■ Aim of the exercise
Transcribe the whole listing below without changing a word, but leave out every image.

■ Information shown
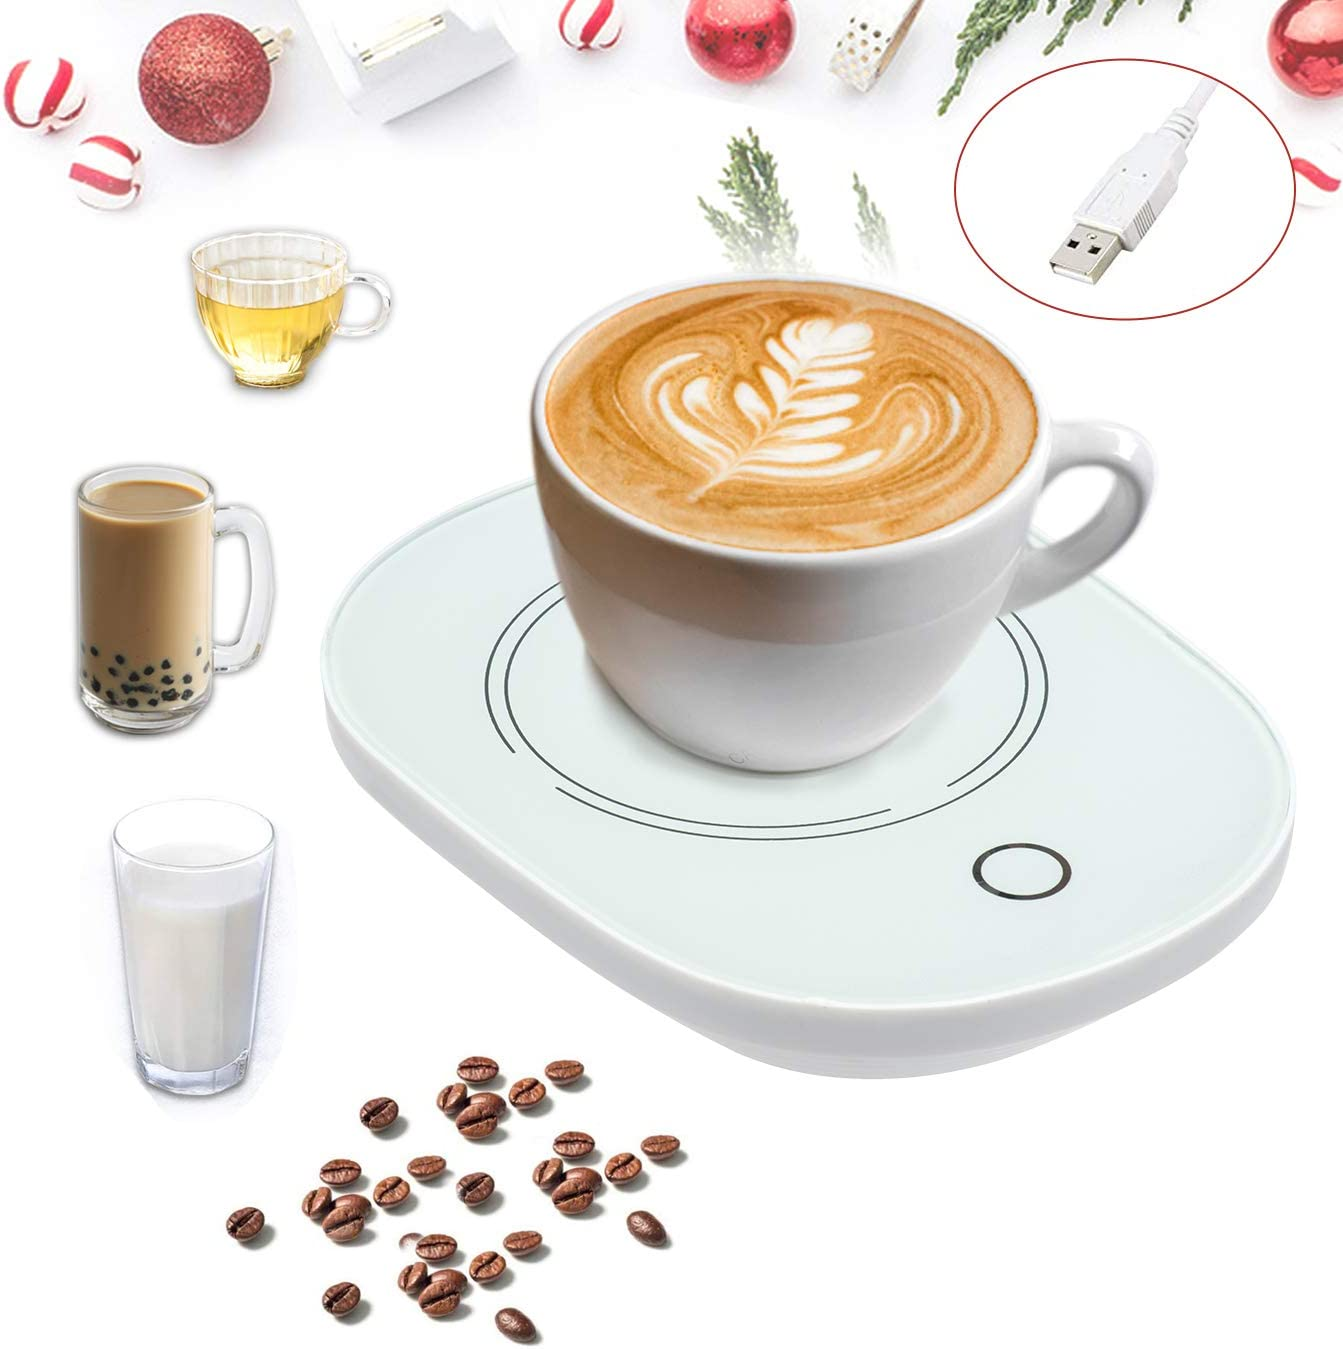 USB Coffee Cup Mug Warmer for Desk with Auto Shut Off,Coffee Mug Warmer USB for Desk Office Home
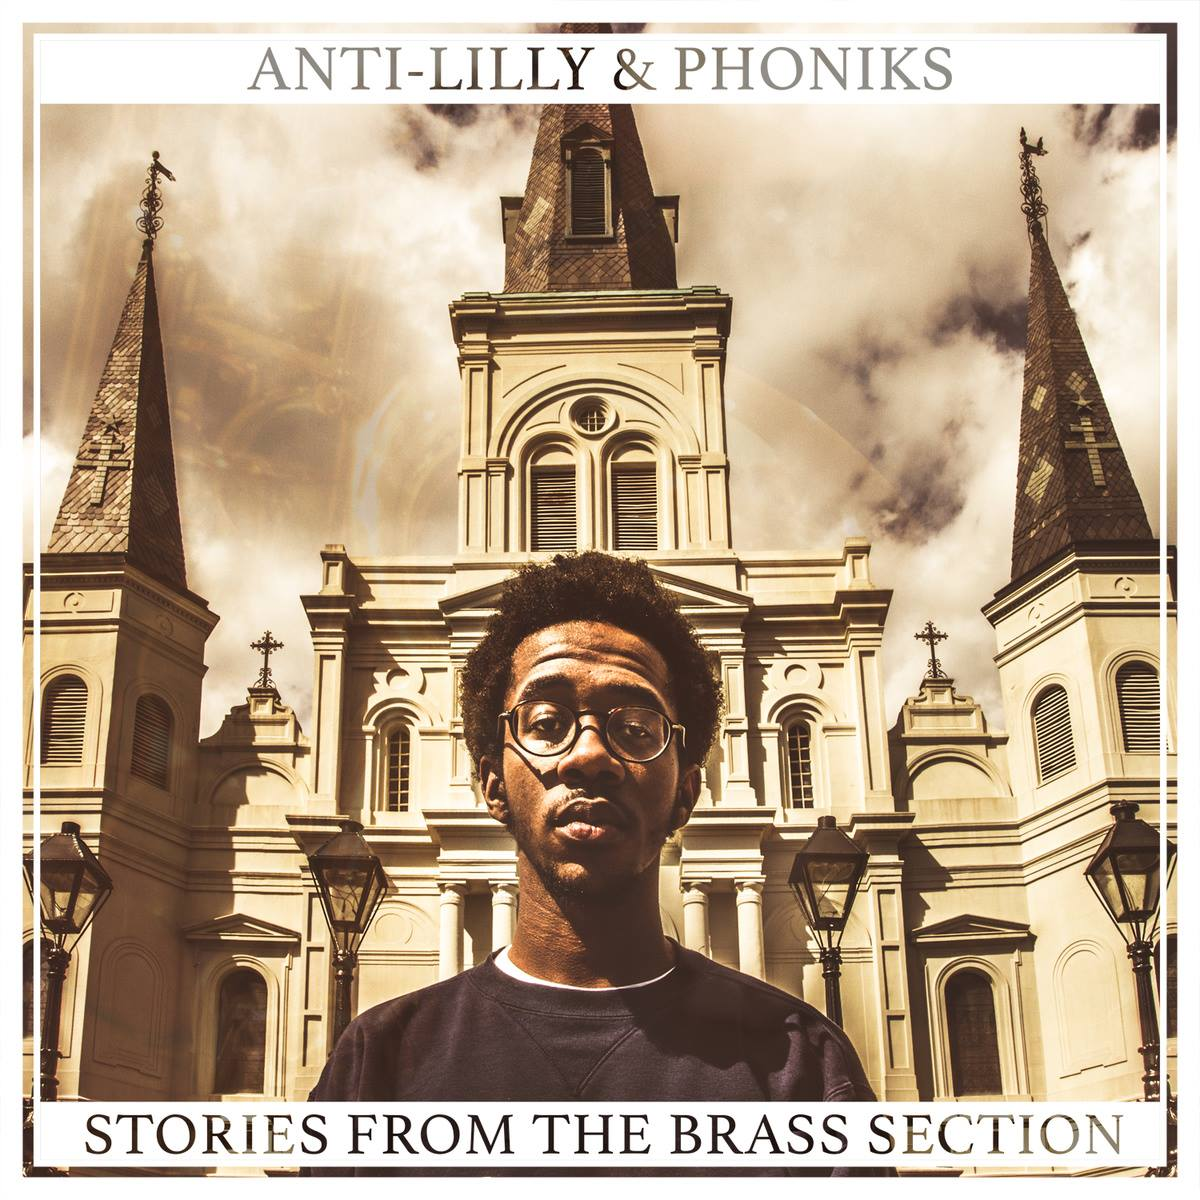 antililly&phoniks
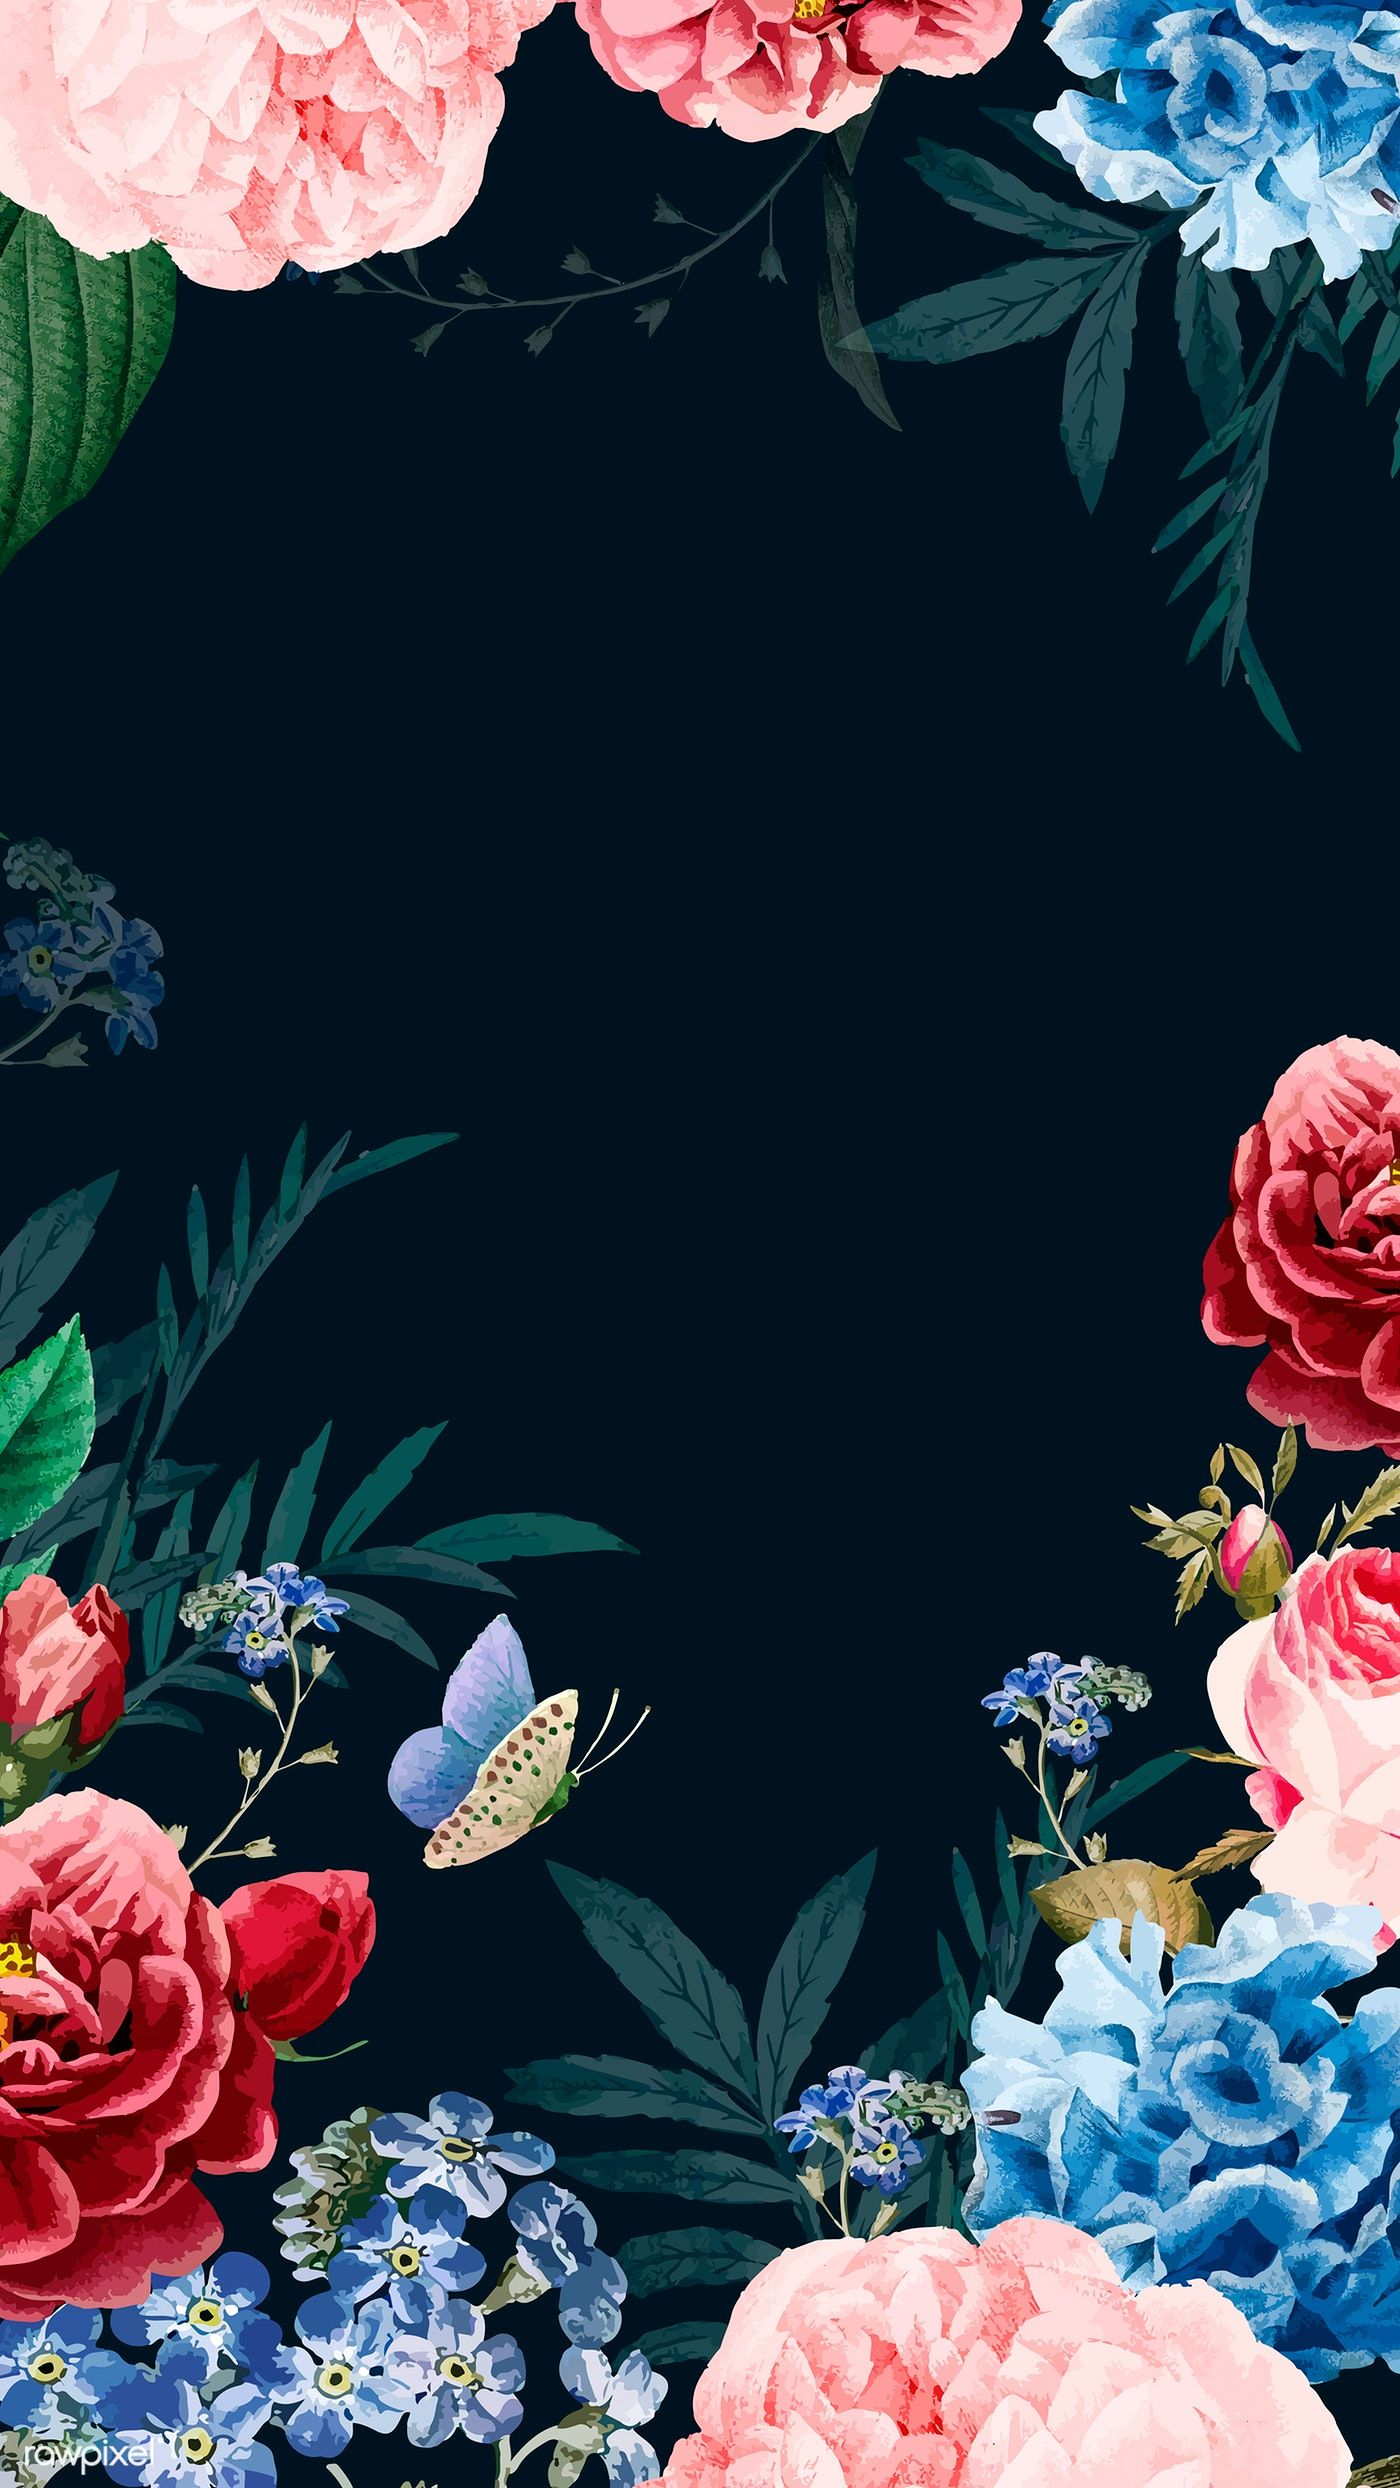 Download Premium Illustration Of Blooming Elegant Floral

■ Task answer
 USB Coffee Cup Mug Warmer for Desk with Auto Shut Off,Coffee Mug Warmer USB for Desk Office Home
 antililly&phoniks
 Download Premium Illustration Of Blooming Elegant Floral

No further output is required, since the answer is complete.